Project: Customer Segmentation Using Clustering
Customer segmentation is a fundamental marketing strategy that divides a customer base into groups of individuals with similar characteristics. In this project, we'll use K-Means Clustering—a popular unsupervised machine learning algorithm—to segment customers based on their behavior.
---Real-Life Problem Statement
A retail store wants to segment its customers to offer personalized marketing. They have a dataset of customer details like:
- Annual Income
- Spending Score (a score given based on shopping behavior)
By clustering customers, we can group them into categories like:
- High Income, High Spend
- Low Income, High Spend
- High Income, Low Spend
- Low Income, Low Spend
What is Clustering?
Clustering is an unsupervised learning technique where the goal is to group similar data points together.
K-Means Clustering partitions the dataset into k
clusters, where each data point belongs to the cluster with the nearest mean.
What kind of learning is this?
It’s unsupervised learning, because we don’t have predefined labels. We’re discovering structure from data.
Why use clustering instead of classification?

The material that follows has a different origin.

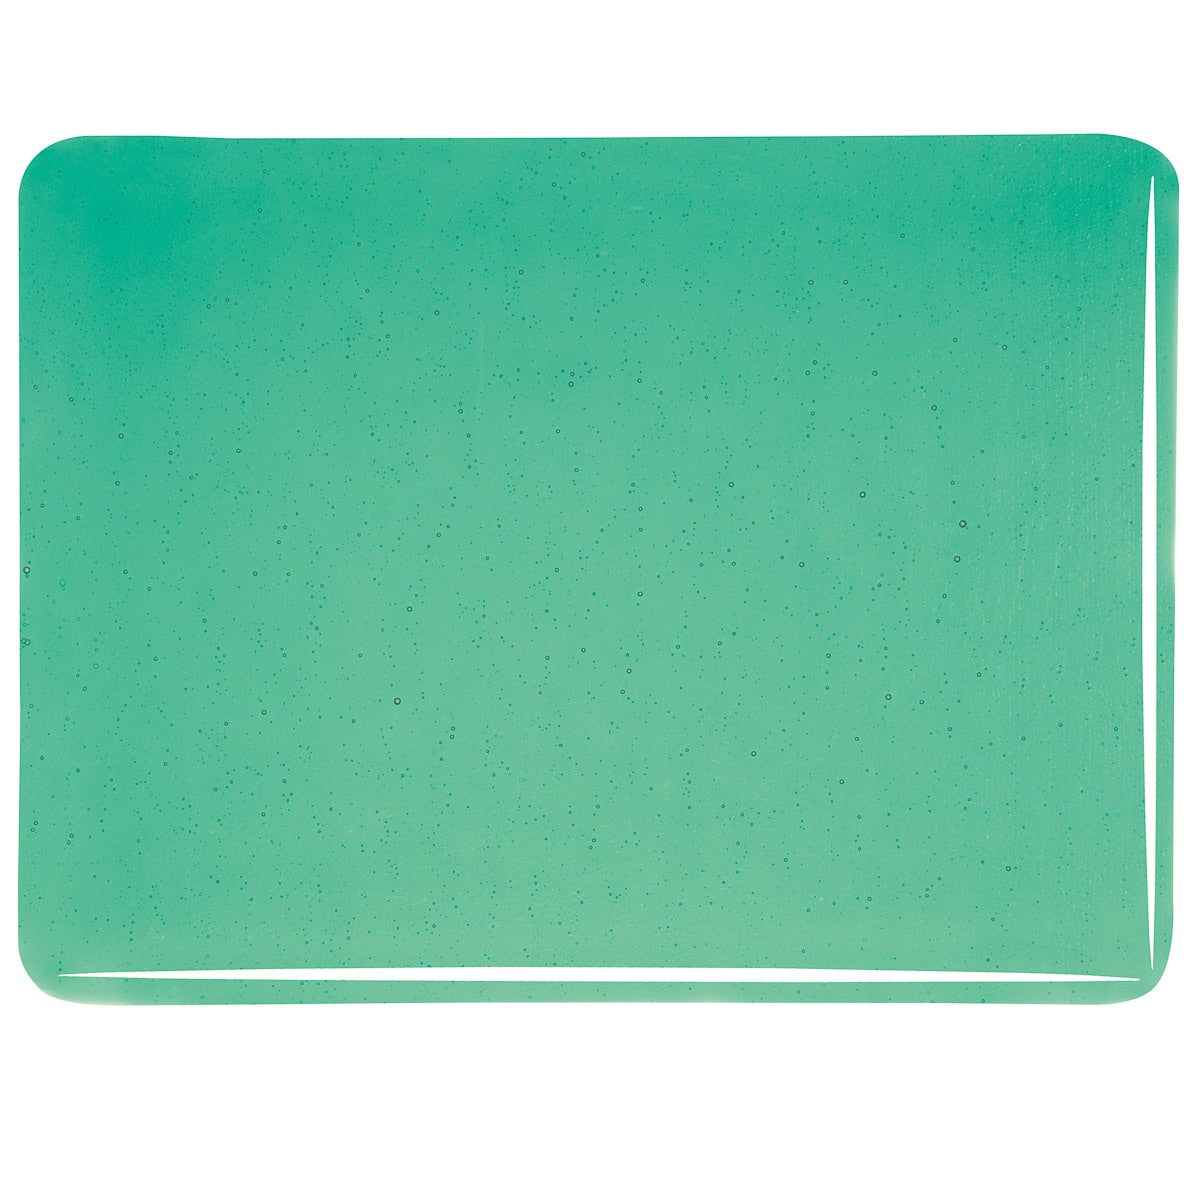 001417 Transparent Emerald Green sheet glass swatch

Because we don’t have labeled output like “Customer Type A” or “Customer Type B”. We let the algorithm find natural groupings.
---Dataset Used
We’ll use the Mall_Customers.csv
dataset, which contains the following columns:
CustomerID
Gender
Age
Annual Income (k$)
Spending Score (1–100)
Step-by-Step Code with Explanations
# Step 1: Import necessary libraries
import pandas as pd
import matplotlib.pyplot as plt
from sklearn.cluster import KMeans
# Step 2: Load the dataset
df = pd.read_csv('Mall_Customers.csv')
# Step 3: Select features for clustering
X = df[['Annual Income (k$)', 'Spending Score (1-100)']]
Shape of X: (200, 2)
We choose just two features to visualize the clusters easily: Annual Income and Spending Score.
---How to choose the number of clusters (k)?
We use the Elbow Method: plot the Within-Cluster Sum of Squares (WCSS)
for different values of k
. The “elbow point” indicates the optimal number of clusters.
# Step 4: Find the optimal number of clusters using Elbow Method
wcss = []
for i in range(1, 11):
kmeans = KMeans(n_clusters=i, random_state=42)
kmeans.fit(X)
wcss.append(kmeans.inertia_)
# Plot the elbow graph
plt.plot(range(1, 11), wcss, marker='o')
plt.title('Elbow Method')
plt.xlabel('Number of clusters')
plt.ylabel('WCSS')
plt.grid(True)
plt.show()
The "elbow" typically appears at k = 5---
Apply K-Means with k = 5
# Step 5: Apply K-Means with k = 5
kmeans = KMeans(n_clusters=5, random_state=42)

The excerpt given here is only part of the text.